Between 1985 and 1995, the average weight for starters on the offensive line rose by 28 pounds at CU (255 to 283) and by 30 pounds at CSU (257 to 287). In the past 10 years, however, that surge slowed. On average, CU’s starting linemen are only 10 pounds bigger this year compared with 1995 and CSU’s blockers are 11 pounds heavier.

Air Force, which once fielded a far thinner line than its two in-state rivals, has caught the other schools with a 52-pound rush over the past 20 years. The Falcons’ average lineman in 1985 weighed 238, today 290.

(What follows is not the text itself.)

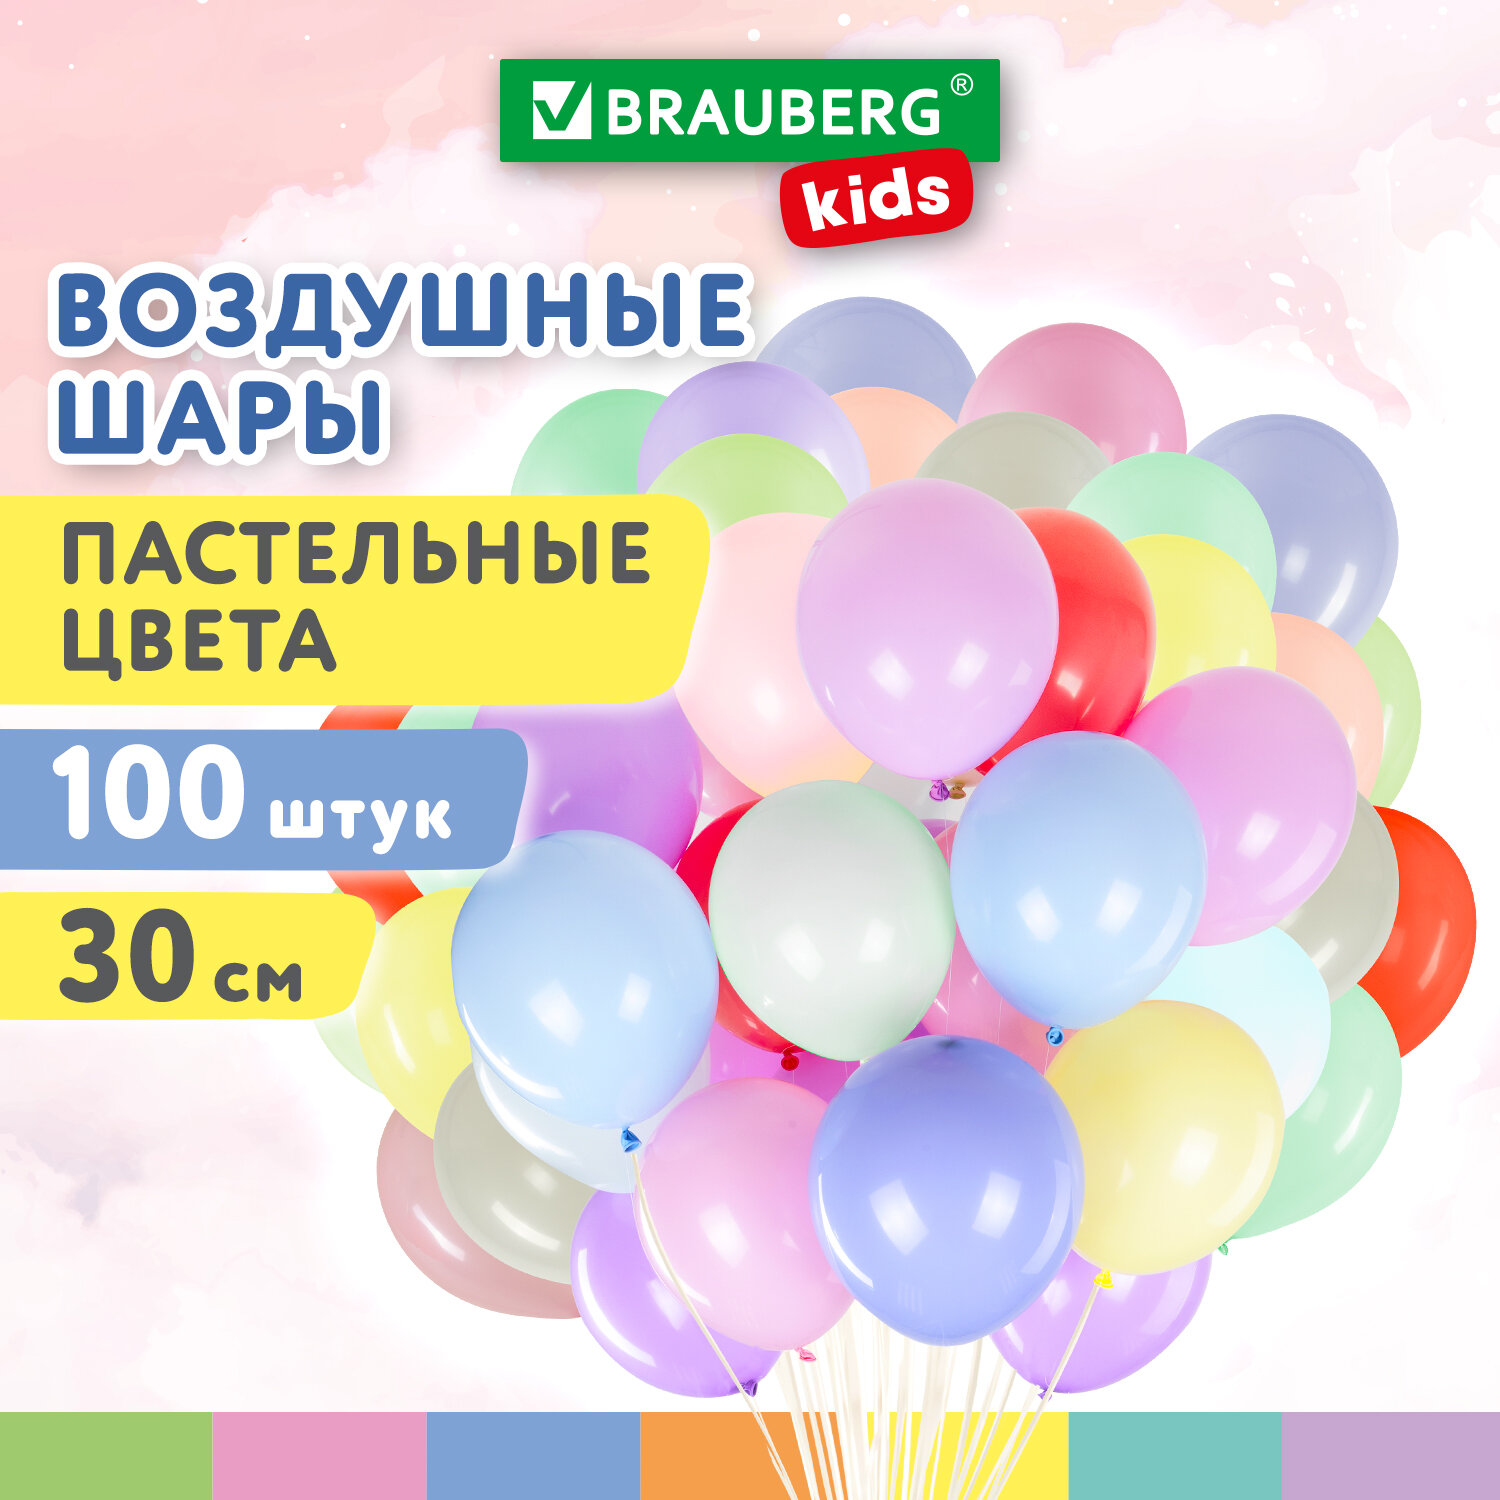 Шарики воздушные Brauberg Kids 591879 набор на день рождения, для фотозоны, 30 см, 100 шт

Maybe it’s the advances in weight training and nutrition. Or maybe it’s merely evolution. But Air Force strength coach Allen Hedrick says the growth surge may not be over.

“The high 300s seems outlandish to think about. But if you went back 20 years ago and asked people, ‘Will there be 300-pounders who play effectively?’ they would have said ‘No,”‘ Hedrick says. “Will it be common to have 400-pound linemen? Based on the trends in other aspects of human performance, that’s not unrealistic.”

But once they go up in size, those players still have to come down after their careers. If not, they face potentially severe health problems.

“Either you lose weight right away after you are done playing,” says CSU’s Scanlan, “or you don’t lose it.”

Put another way: Old eating habits die hard.

Just ask Dreyer, the former CSU center whose final game was in 2003.

He has shed 100 pounds since his NFL tryout. But after years of purposely stuffing himself to fuel his football size, Dreyer still craves those calorie binges.

“Honestly, for me, that’s something I still struggle with – eating healthy. I don’t eat healthy. I just eat a lot less. It’s one of the side effects I still can’t shake.

“Eating the mass quantities we were required to eat, well, it gets you somewhat addicted to it.”

Staff writer Natalie Meisler contributed to this report.